子宮体がんは、子宮頸がんに比べて高い年齢で発症しやすく、50~60歳が発症のピークといわれています。とりわけ子宮体がんの主な症状である不正出血がある場合には、適切な検査を受けることによって早期発見に努めることが大切です。

子宮体がんの特徴については、「子宮体がんってどんな病気?初期症状はどのようなもの?」にまとめておりますので、こちらをご参照ください。

この記事では検査の方法のほか、治療方法についても紹介します。

目次

検診を受けるべき人とは?

以下のような人は、検診を受けることをオススメします。

  • 月経とは関係なく出血があった方
  • 閉経後にもかかわらず少量の出血(不正出血と言います)がみられる方

出血は、茶褐色の「おりもの」や、「おりもの」に少しだけ血がまじった状態で症状が現れることもあります。

子宮体がんの検査方法

子宮体がんの検査には、主に次のものがあります。

細胞診組織診

一般的な検診で行われる検査はこちらの方法です。
子宮の内側に細い棒状の器具、または、さじ状の器具を挿入して行うので、軽い痛みと出血をともなうことがあります。しかし短時間で済み、検査の正確性はとても高いです。
細胞診は、組織の表面から細胞を引き剥がして調べます。組織診もこれと似ていますが、組織をある程度の塊で採取する必要があるため、痛みが強くなることがあります。

いずれも、外来で受けることができ、基本的に麻酔は行いません
お産の経験のない方や高齢の方は、入り口が狭く数%の方で検査ができないこともあります。

経腟超音波検査

子宮体がんになると子宮の内膜が厚くなる傾向があります。
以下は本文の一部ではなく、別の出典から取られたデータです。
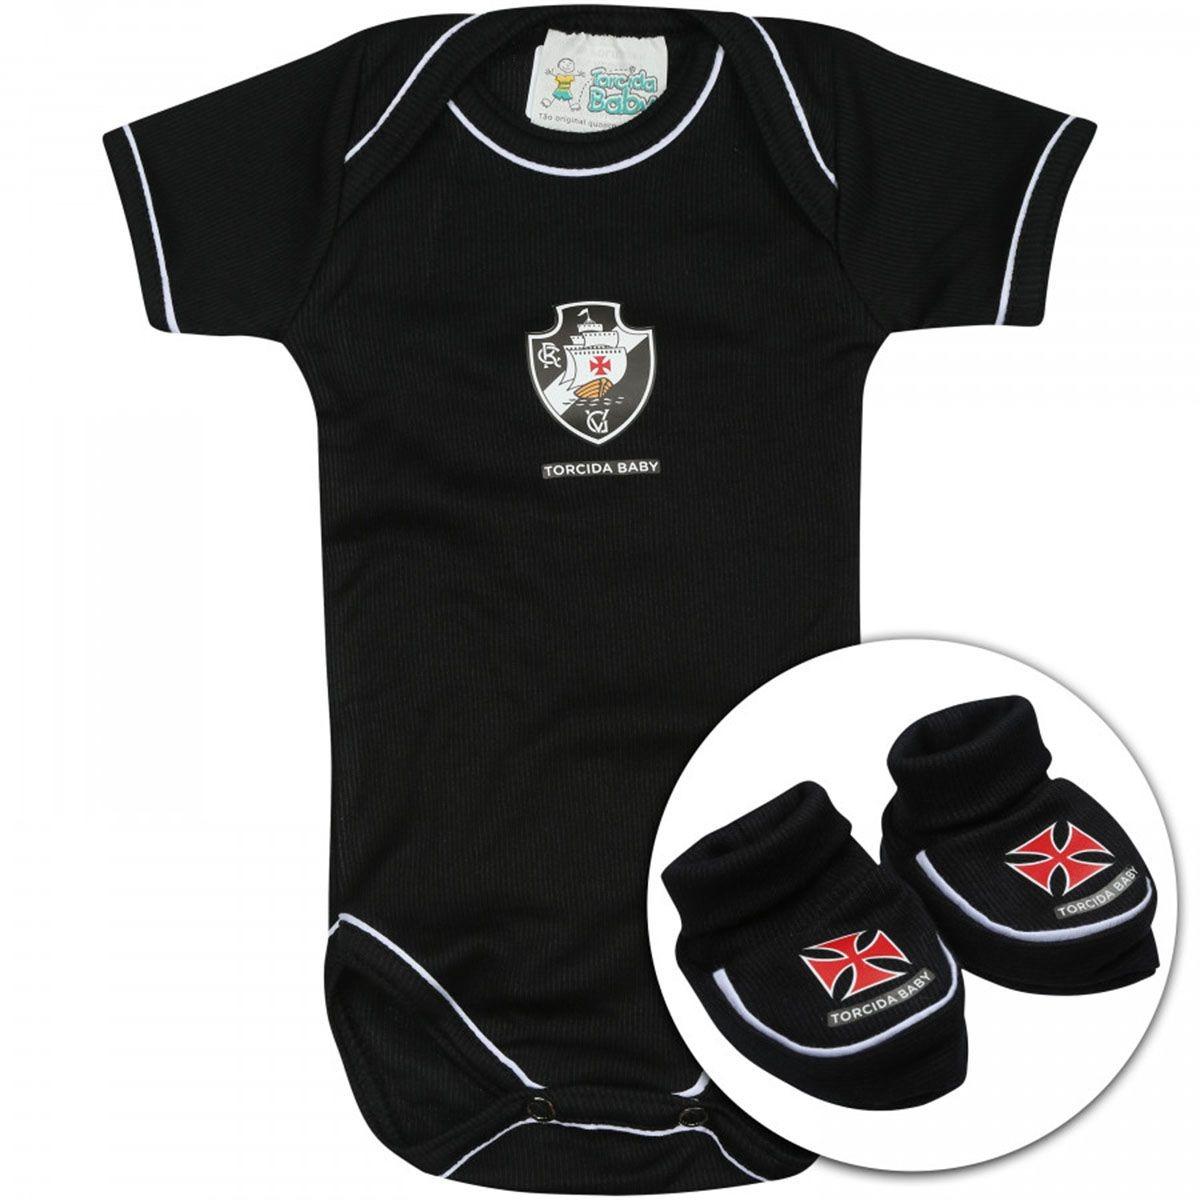 Kit Bebê Torcida Baby Vasco Curto Body+ Pantufa Frete Grátis - R ... 1ba67abac5047

経腟超音波検査は内膜の厚みを調べ、子宮体がんの疑いを判断することができます。

ただし、初期の子宮体がんの発見には向いていません。

CTMRI

子宮体がんであることが分かった後、治療方針を決定するために行うのがMRI(核磁気共鳴映像法)やCT(コンピュータ断層撮影装置)です。
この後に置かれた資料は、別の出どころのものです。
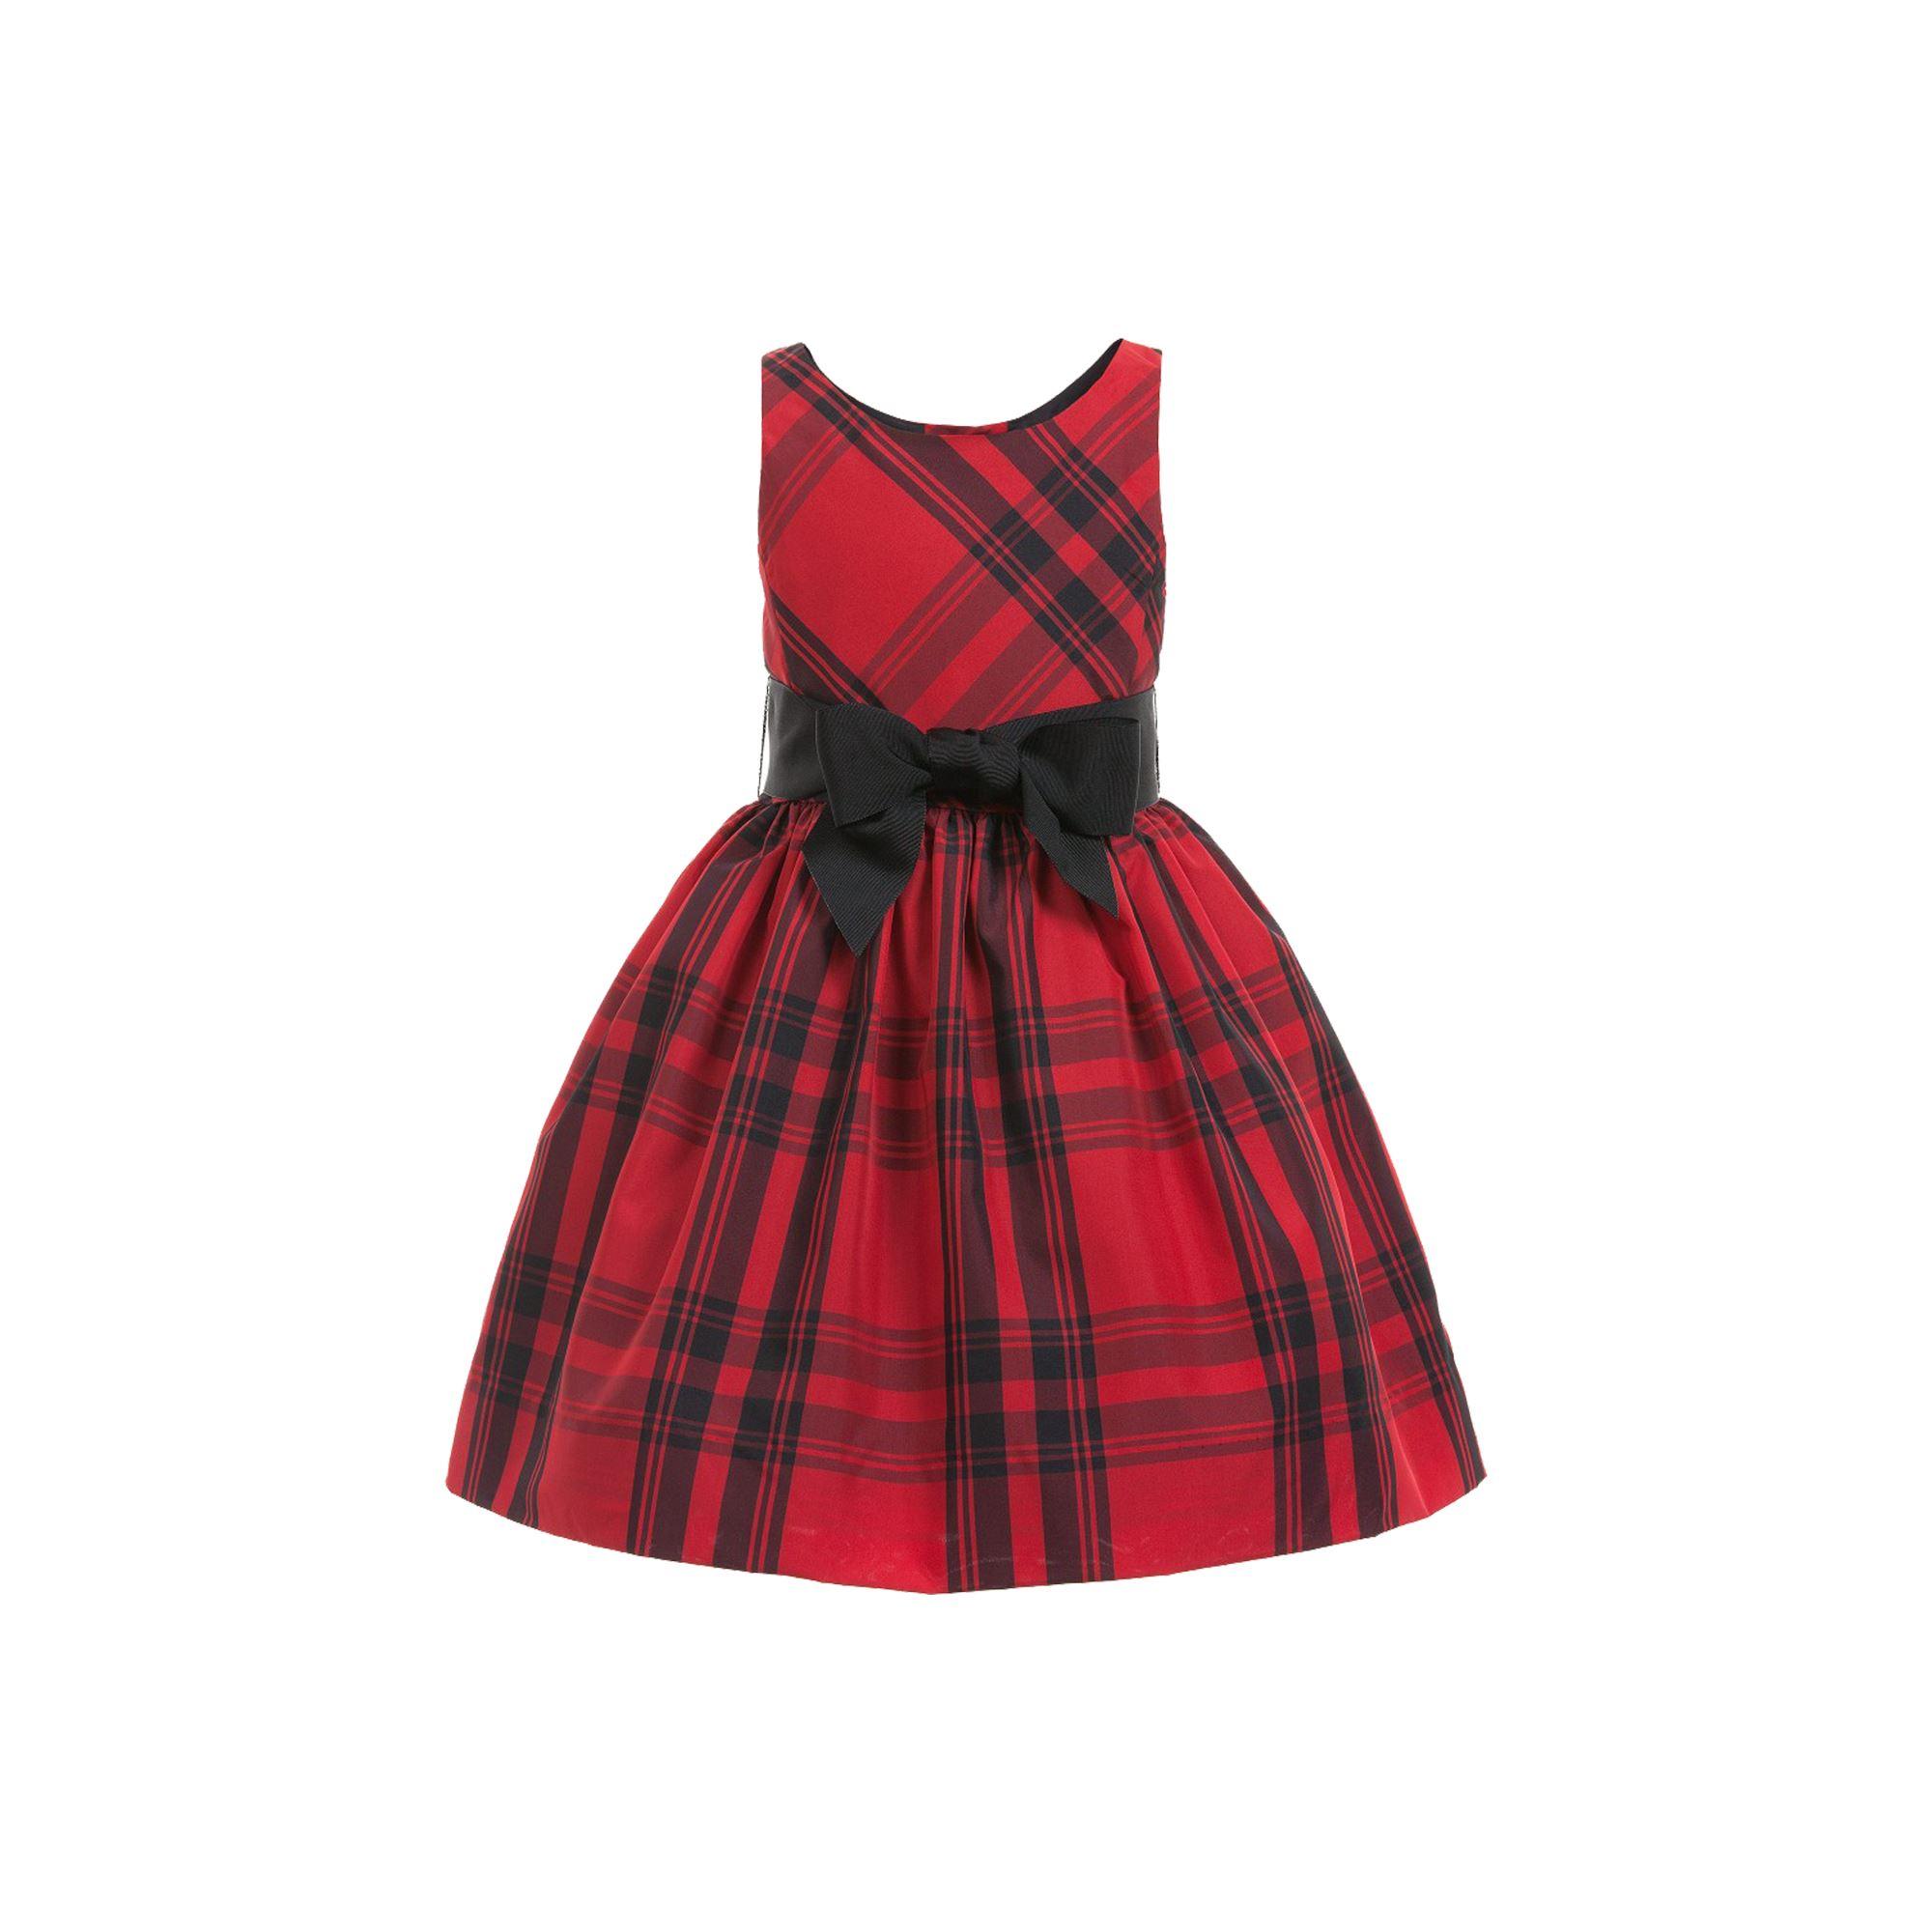 Designer • Arrivals Brands Ralph Brand New From Lauren Polo 6f7yYgb

MRIでは腫瘍の大きさや、子宮筋層へのがんの広がりを調べることができます。CTではリンパ節、肺、肝臓といった他の臓器への転移の有無を調べます。

子宮体がんの治療の流れ

では、検査で子宮体がんと診断されてしまった場合、どのような治療が施されるのでしょうか?
子宮体がんの治療は、基本的に手術療法が第一選択となりますが、場合によっては別の方法をとることもあります。

手術療法

子宮と両卵巣をすべて切除することで再発や転移を防ぎます。進行具合を判断した上で、必要に応じてがんが転移する可能性の高いリンパ節を切除します。開腹手術を行った影響で手術跡に癒着が生じ、腸がふさがる腸閉塞」という合併症が生じることがあります

手術を行わない場合

初期の子宮体がんに限っては、将来の妊娠に備えて子宮の温存を希望する人に対して、黄体ホルモン製剤による治療が選択されることもあります。また、高齢などのため手術を行えない場合には、化学療法や放射線療法を選択します。

保険適用となった腹腔鏡手術とは?

子宮体がんの手術は従来、腹部を切開して行うものでしたが、2014年からは腹腔鏡手術が保険適用となっています。腹腔鏡手術では腹部を切開するかわりに、4~5か所の穴を開け、そこから手術に使う器具や小型カメラを挿入します。

腹腔鏡手術は目視によってではなく、モニターに映し出される映像で確認しながら手術を行うのが特徴です。傷口が小さくて済むため、美容上の利点に加え、出血量も少なく、手術後の早期回復を期待できます。また、開腹手術で問題となる腸閉塞などの合併症が起きにくいとも考えられています。

ただし、腹腔鏡手術は開腹手術よりも手術時間が長くなる傾向があり、術者による技術の差が出やすいこという問題があります。操作を誤ると命にかかわる事故に発展する危険性が指摘されています。

まとめ

子宮体がんは、早期に治療できれば予後の悪いがんではありません。また、子宮を温存する黄体ホルモン製剤による治療は、早期がんであることが条件となります。不正出血などの疑わしい症状が現れたら適切に検査を受けることが大切です。治療の第一選択は手術療法ですが、近年は、保険適用となった腹腔鏡手術も普及しています。治療法を選択する際は、何を優先するかを考え、医師とよく相談することが大切です。